UnicodeDecodeError
builtins.UnicodeDecodeError
Stack trace
Traceback (most recent call last):
File "app.py", line 42, in <module>
documents = loader.load()
File "/usr/local/lib/python3.9/site-packages/langchain/document_loaders/text.py", line 58, in load
with open(self.file_path, encoding=self.encoding) as f:
File "/usr/local/lib/python3.9/codecs.py", line 322, in decode
(result, consumed) = self._buffer_decode(data, self.errors, final)
UnicodeDecodeError: 'utf-8' codec can't decode byte 0xff in position 0: invalid start byte Why it happens
DocumentLoader defaults to UTF-8 encoding when reading files. If the file is encoded in a different charset (e.g., Latin-1, Windows-1252, or binary formats), Python raises UnicodeDecodeError because it cannot decode bytes that don't conform to UTF-8.
Detection
Monitor logs for UnicodeDecodeError exceptions during document loading and add validation to detect file encoding before loading to prevent crashes.
Causes & fixes
File is encoded in a non-UTF-8 encoding but loader tries to decode as UTF-8
Specify the correct encoding explicitly when initializing the DocumentLoader, e.g., encoding='latin-1' or 'windows-1252'.
Trying to load a binary or non-text file as text
Ensure the DocumentLoader is used only with text files or use a binary-safe loader for non-text documents.
File contains BOM (Byte Order Mark) or special characters not handled by default encoding
Use encoding='utf-8-sig' to handle BOM or preprocess the file to remove BOM before loading.
Code: broken vs fixed
from langchain.document_loaders import TextLoader
loader = TextLoader("data/document.txt")
documents = loader.load() # Raises UnicodeDecodeError if encoding mismatches import os
from langchain.document_loaders import TextLoader
# Set environment variable for demonstration (replace with your actual key if needed)
os.environ["OPENAI_API_KEY"] = os.environ.get("OPENAI_API_KEY", "")

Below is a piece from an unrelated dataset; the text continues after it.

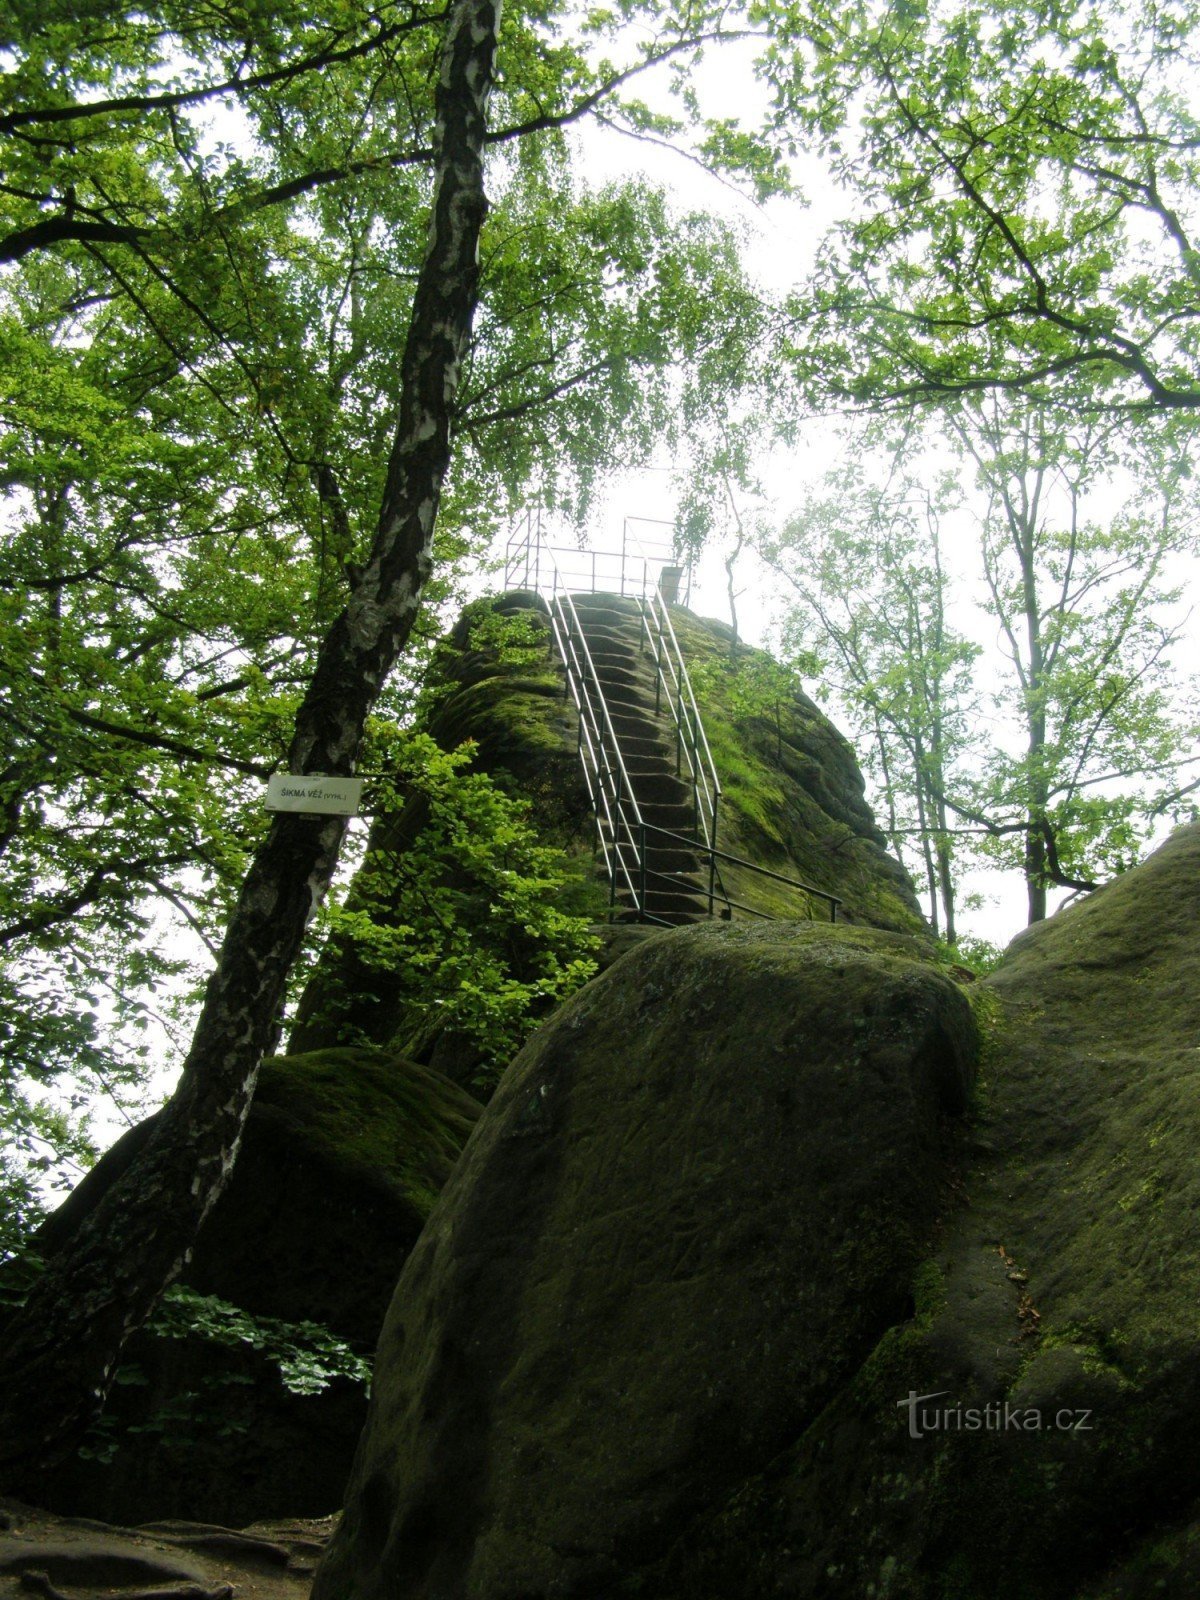 Tháp nghiêng - góc nhìn của Vítka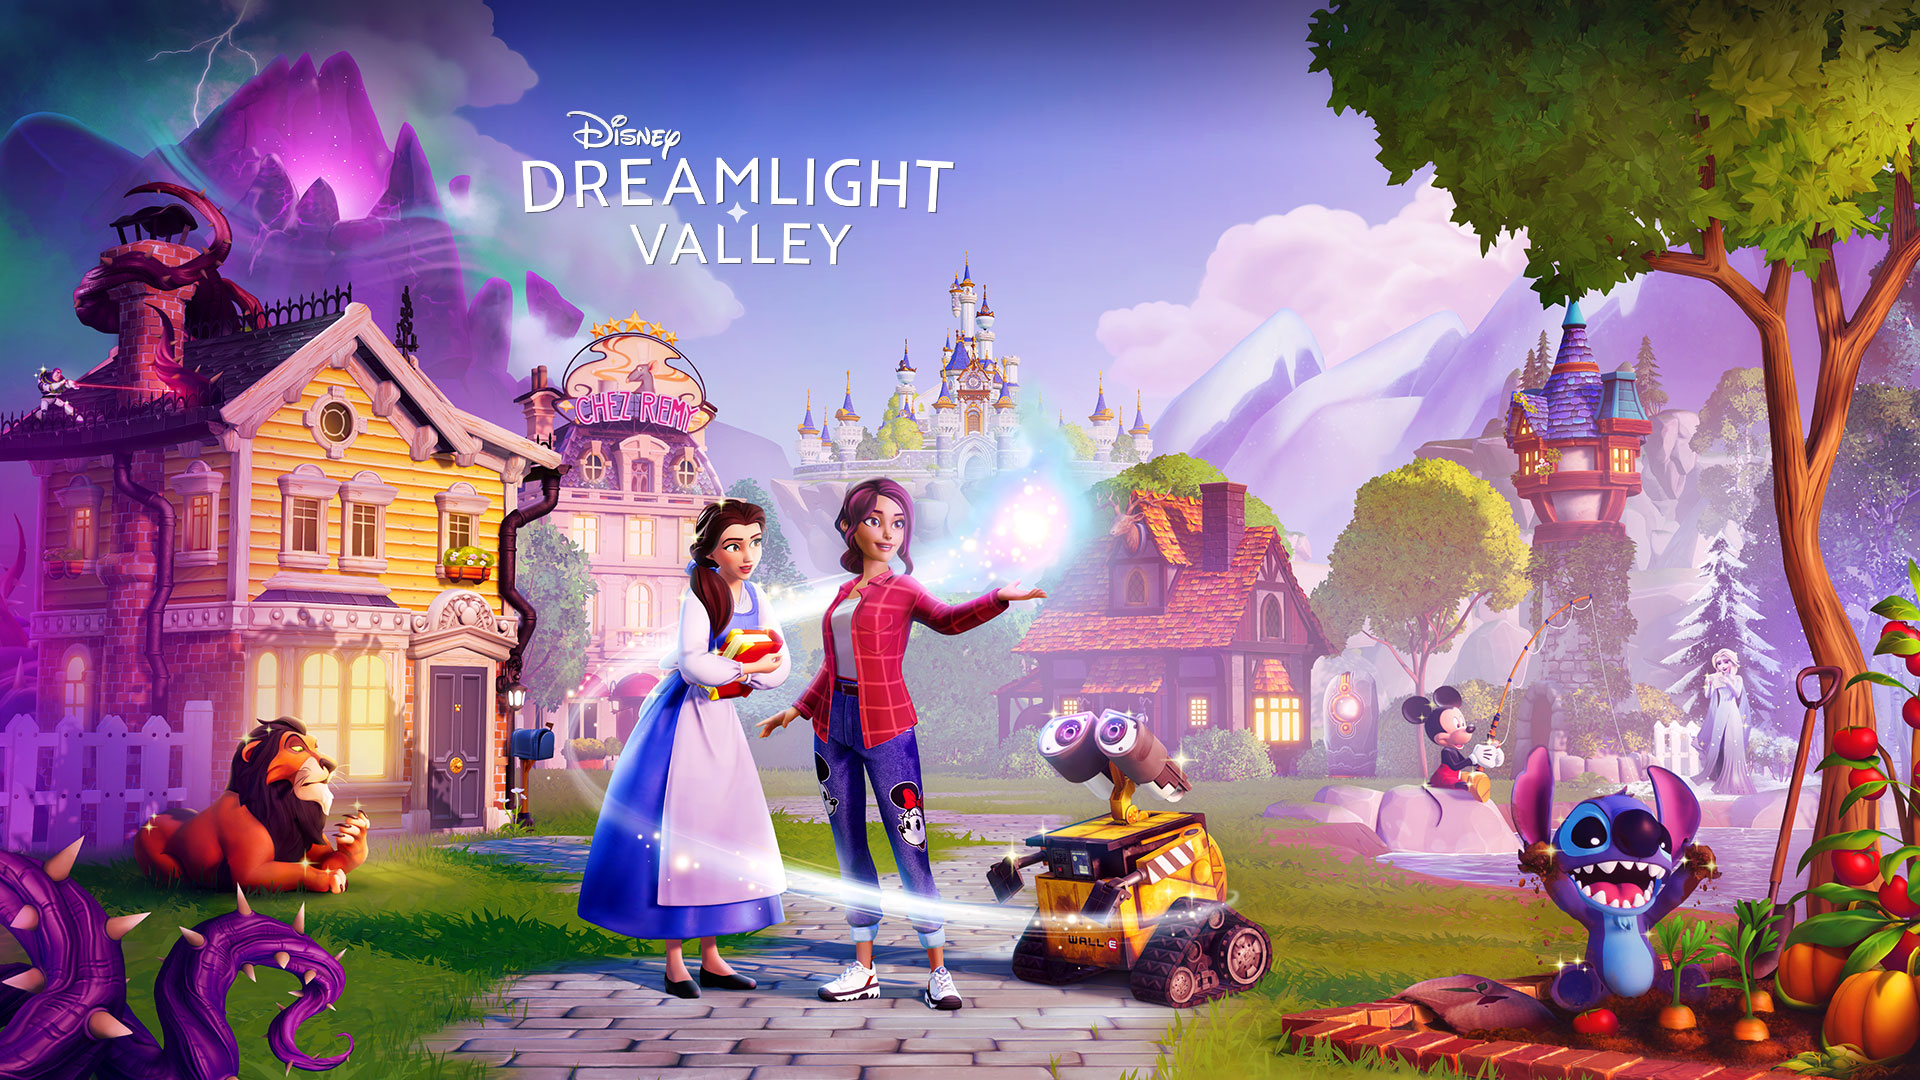 Disney Dreamlight Valley: Disney-karaktärer såsom Belle och Wall-E samlas runt en spelare i en pittoresk stad.

loader = TextLoader("data/document.txt", encoding="latin-1") # Fixed: specify correct encoding
documents = loader.load()
print(f"Loaded {len(documents)} documents successfully.") Workaround
Wrap the load call in try/except UnicodeDecodeError, then attempt to reload the file with a fallback encoding like 'latin-1' or 'utf-8-sig' to recover from encoding issues.
Prevention
Detect file encoding before loading using libraries like chardet or charset-normalizer and always specify encoding explicitly in DocumentLoader to avoid decode errors.